The shaft can be manufactured from a single material. However, it is generally also possible to form the shaft from a plurality of materials. For example a tubular sleeve can be provided into which a second material is introduced. For example, the sleeve is an aluminum oxide tube that is, for example, partly filled with a high temperature adhesive.

The term “embedded” is to be understood such that the two conductors are guided through the interior of the shaft. This can mean that the two conductors extend in separate bores and are only guided together in the region of the contact point. However, it is also possible to “mold” the two conductors—for example with the aid of a high temperature adhesive—such that the two conductors are substantially completely surrounded by the shaft material.

In other words the two conductors form the basic components of the thermal elements. They are electrically conductively connected at the contact point in such a way that a temperature dependent voltage—a so called thermal voltage—can be formed for a temperature difference between the contact point and a comparative measurement point. For reasons of protection, the two conductors at least regionally extend in the shaft. In order to protect the contact point particularly sensitive for aging processes this is additionally protected by a screen with respect to the outer space. The screen comprises a material that acts as a diffusion inhibitor, this means the material has a lower coefficient of diffusion for at least some of the materials responsible for the aging processes than the shaft material. Additionally or alternatively, the screen can also be composed of a material that has an improved thermal conductivity than the shaft material in order to improve the response dynamics of the thermal element and to homogenize the temperature distribution in the region of the measurement probe. Advantageously the screen is both a diffusion inhibitor and also more thermally conductive than the shaft material.

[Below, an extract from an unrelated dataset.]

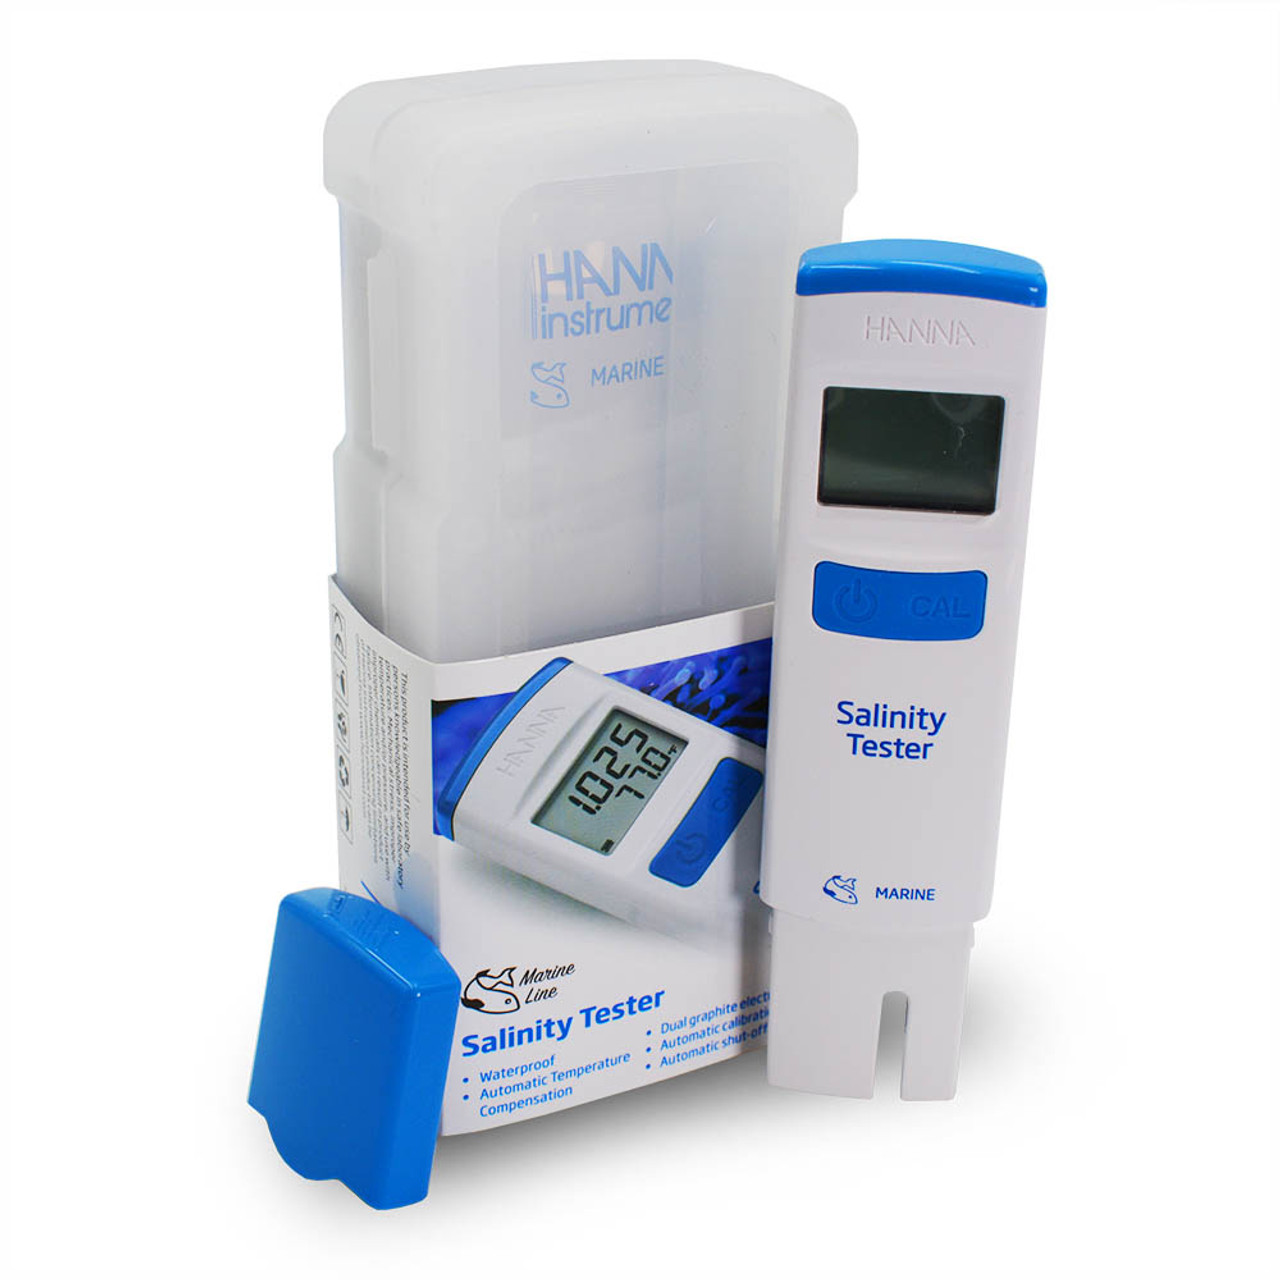 Fish Tank Thermometer, Touch Screen Digital Aquarium Thermometer with LCD  Display, Stick-on Temperature Sensor ensures Optimum Temperature in
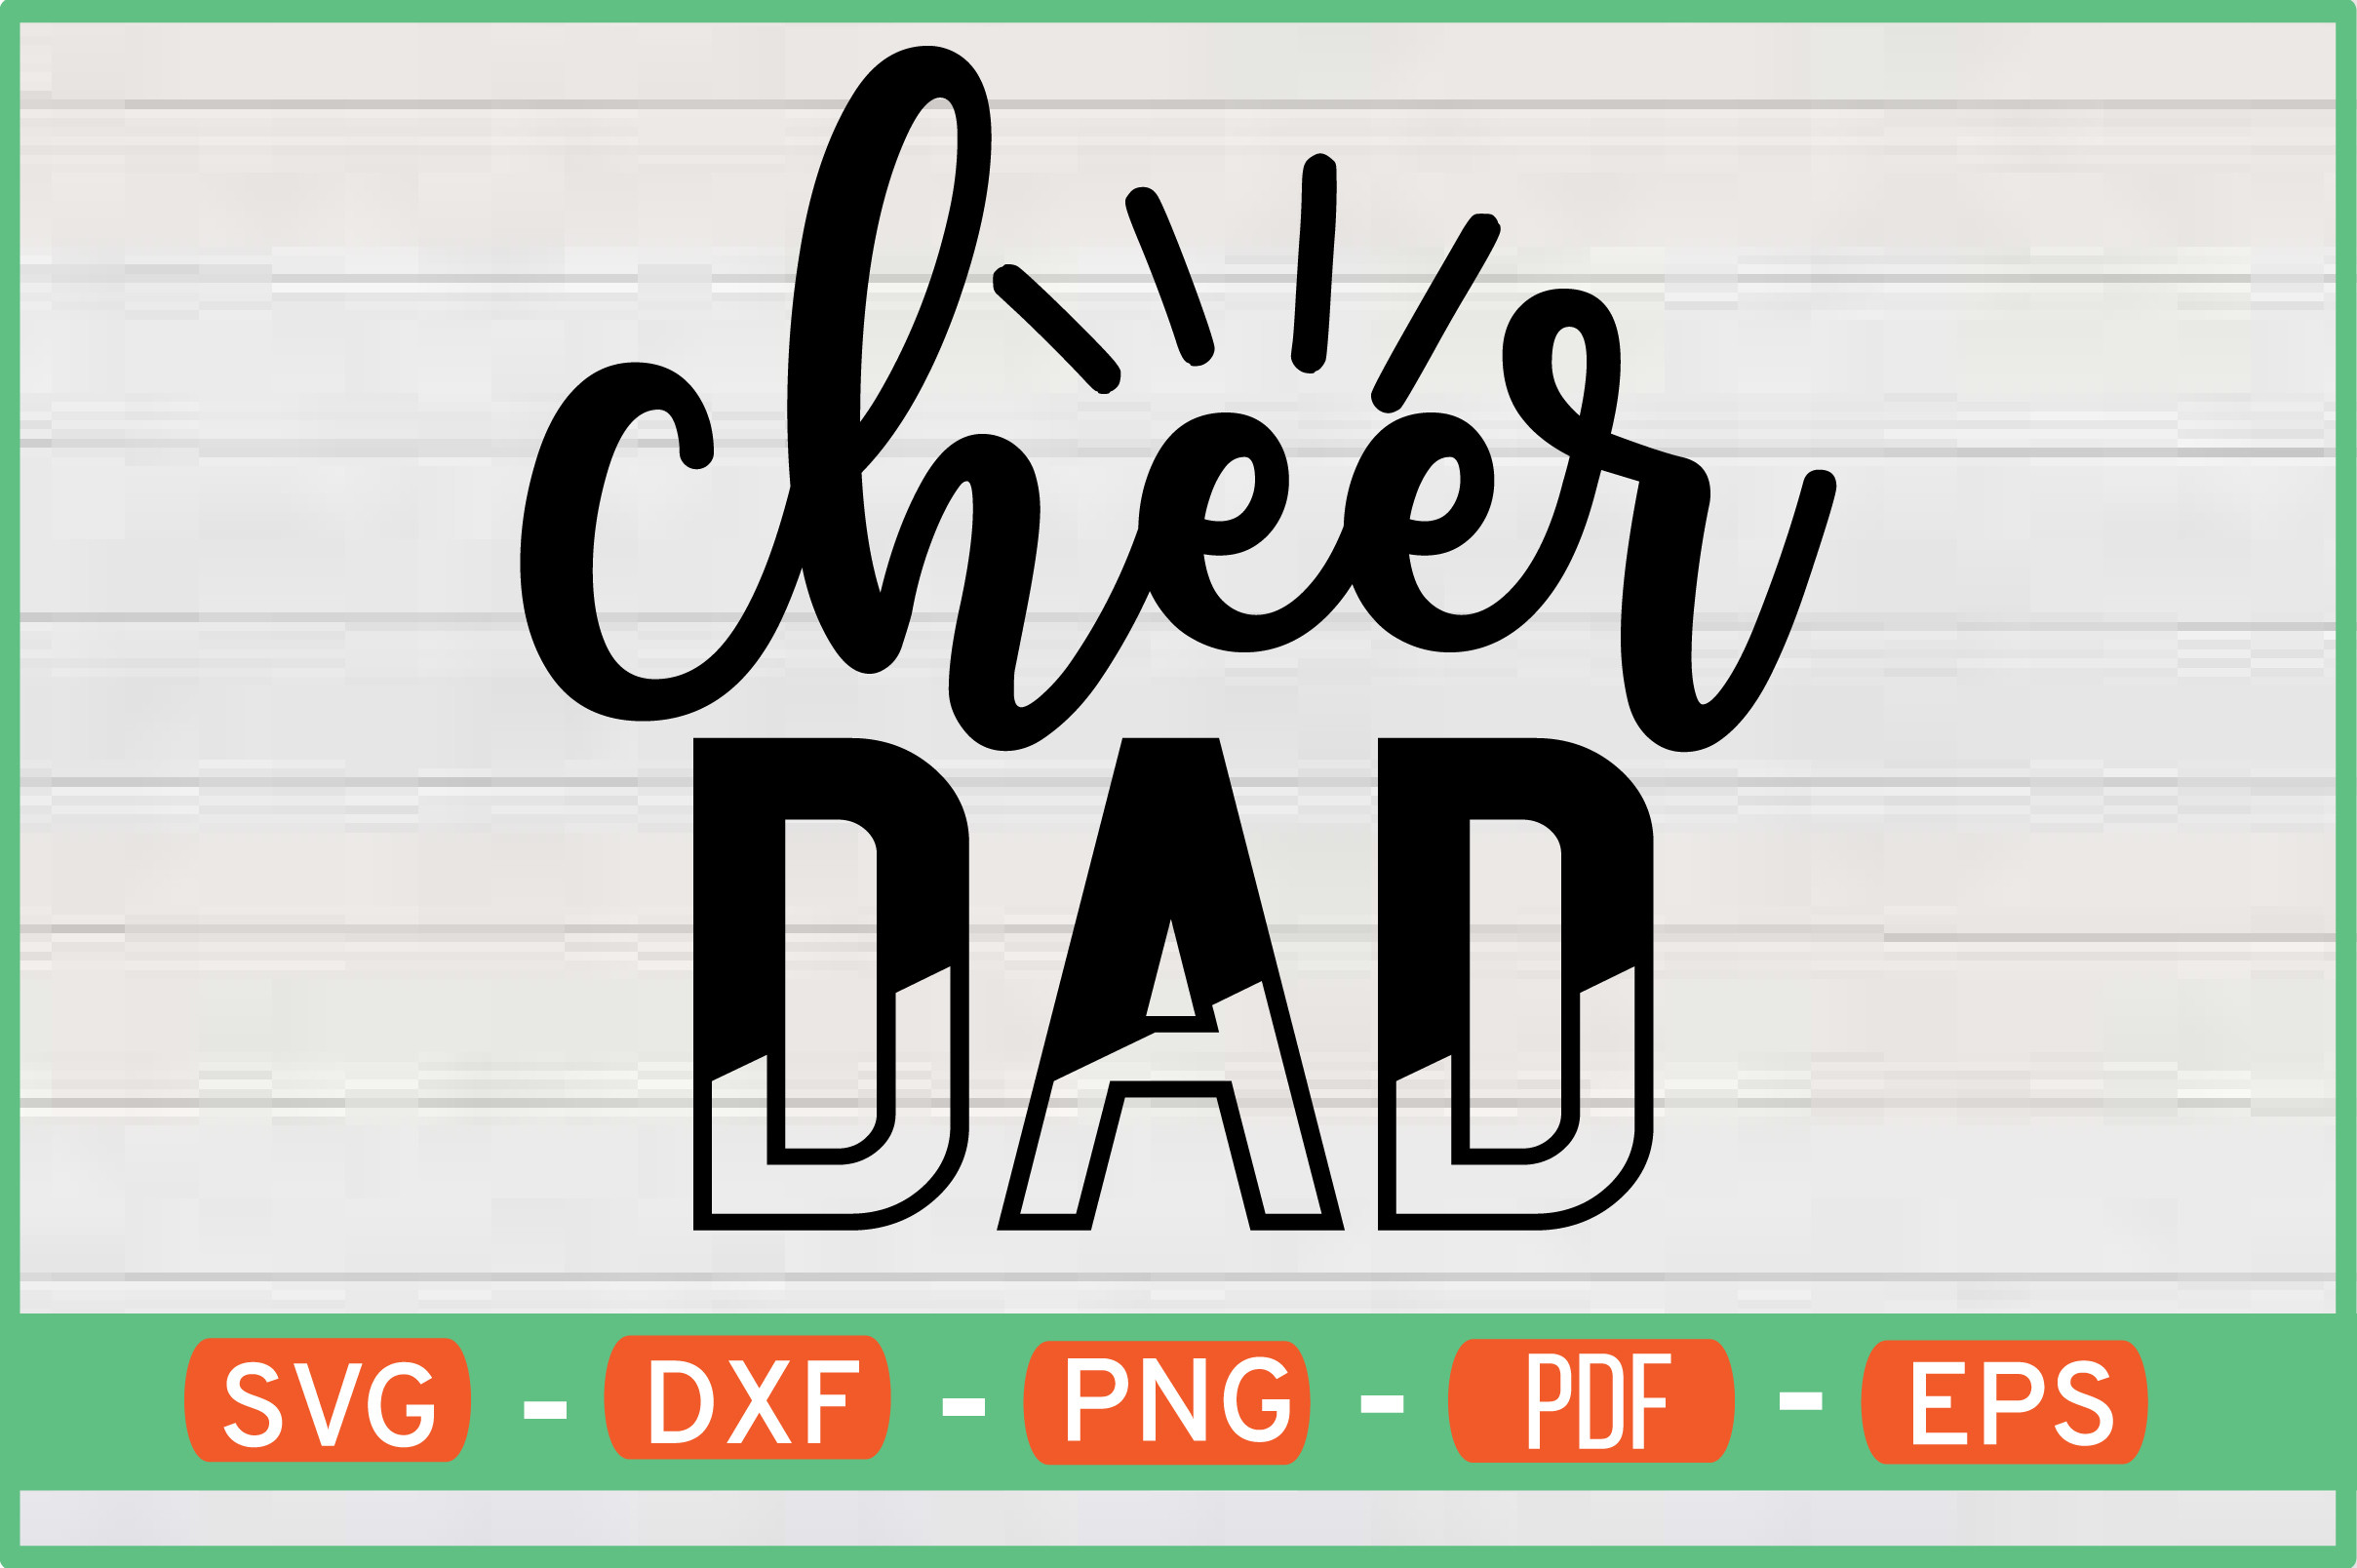 Cheer Dad T-Shirt Designs Svg Free Graphic by ijdesignerbd777 ...

Further embodiments of the invention are provided in the description, the claims and the figures.

In accordance with an advantageous embodiment the contact point is not in contact with the shaft material. In other words the contact point is arranged outside of the shaft material. Materials diffusing from the material of the shaft and/or through the material of the shaft, and in particular stemming from the material of shaft, are thus not directly at the particularly corrosion sensitive contact point.

The contact point is in particular arranged in a recess of the shaft. The recess is, for example, formed by a chamber whose sidewalls are at least partly formed by the shaft material.

In accordance with an embodiment the recess is a slot which in particular extends in parallel with or transverse to a longitudinal axis of the shaft. The recess can also be a bore which is in particular arranged coaxial with or transverse to the longitudinal axis of the shaft.

It can be provided that the screen forms a cover or a cap that terminates the recess with respect to the outer space. The screen can also be formed band-like.

The internal space of the recess, in which the contact point is arranged, is not in contact with the outer space having regard to this embodiment. The internal space can, however, be filled with gas in order to enable a convective heat conductance.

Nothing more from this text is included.